Consider the equation `x^(2) + 2x - n = 0`m where `n in N` and `n in [5, 100]`. The total number of different values of n so that the given equation has integral roots is

To solve the equation \(x^2 + 2x - n = 0\) for integral roots, we will follow these steps: ### Step 1: Identify the roots of the quadratic equation The roots of the quadratic equation \(ax^2 + bx + c = 0\) can be found using the quadratic formula: \[ x = \frac{-b \pm \sqrt{b^2 - 4ac}}{2a} \] For our equation \(x^2 + 2x - n = 0\), we have \(a = 1\), \(b = 2\), and \(c = -n\).
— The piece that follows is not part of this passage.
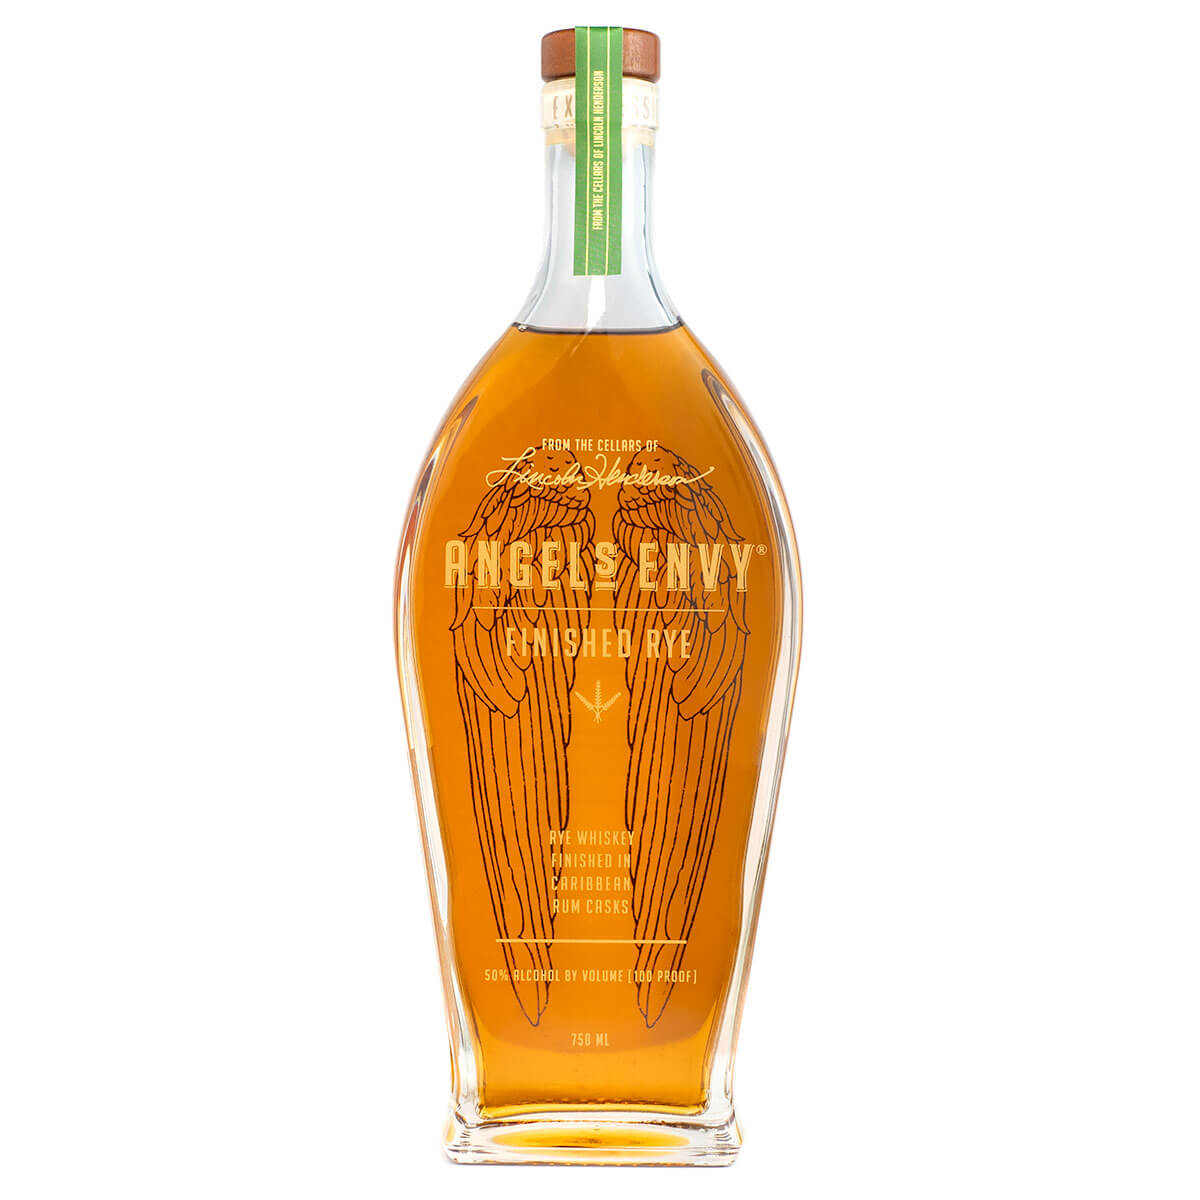 Angel's Envy Rye Finished in Rum Barrels bottle

Plugging these values into the formula gives: \[ x = \frac{-2 \pm \sqrt{2^2 - 4 \cdot 1 \cdot (-n)}}{2 \cdot 1} \] This simplifies to: \[ x = \frac{-2 \pm \sqrt{4 + 4n}}{2} \] \[ x = \frac{-2 \pm 2\sqrt{n + 1}}{2} \] \[ x = -1 \pm \sqrt{n + 1} \] ### Step 2: Determine conditions for integral roots For the roots \(x = -1 + \sqrt{n + 1}\) and \(x = -1 - \sqrt{n + 1}\) to be integers, \(\sqrt{n + 1}\) must also be an integer. This means that \(n + 1\) must be a perfect square. ### Step 3: Set up the equation for perfect squares Let \(k^2 = n + 1\) for some integer \(k\). Therefore, we can express \(n\) as: \[ n = k^2 - 1 \] ### Step 4: Determine the range for \(n\) Given that \(n\) is a natural number and \(n\) is in the range \([5, 100]\), we can set up the inequalities: \[ 5 \leq k^2 - 1 \leq 100 \] Adding 1 to all parts of the inequality gives: \[ 6 \leq k^2 \leq 101 \] ### Step 5: Find the integer values of \(k\) Now we need to find the integer values of \(k\) such that \(k^2\) falls within the range \([6, 101]\). The smallest integer \(k\) such that \(k^2 \geq 6\) is \(k = 3\) (since \(3^2 = 9\)), and the largest integer \(k\) such that \(k^2 \leq 101\) is \(k = 10\) (since \(10^2 = 100\)). ### Step 6: List the possible values of \(k\) The integer values of \(k\) that satisfy this condition are: \[ k = 3, 4, 5, 6, 7, 8, 9, 10 \] This gives us a total of \(10 - 3 + 1 = 8\) possible values for \(k\). ### Step 7: Calculate corresponding values of \(n\) Now we can calculate the corresponding values of \(n\): - For \(k = 3\), \(n = 3^2 - 1 = 8\) - For \(k = 4\), \(n = 4^2 - 1 = 15\) - For \(k = 5\), \(n = 5^2 - 1 = 24\) - For \(k = 6\), \(n = 6^2 - 1 = 35\) - For \(k = 7\), \(n = 7^2 - 1 = 48\) - For \(k = 8\), \(n = 8^2 - 1 = 63\) - For \(k = 9\), \(n = 9^2 - 1 = 80\) - For \(k = 10\), \(n = 10^2 - 1 = 99\) ### Conclusion The total number of different values of \(n\) such that the equation has integral roots is **8**.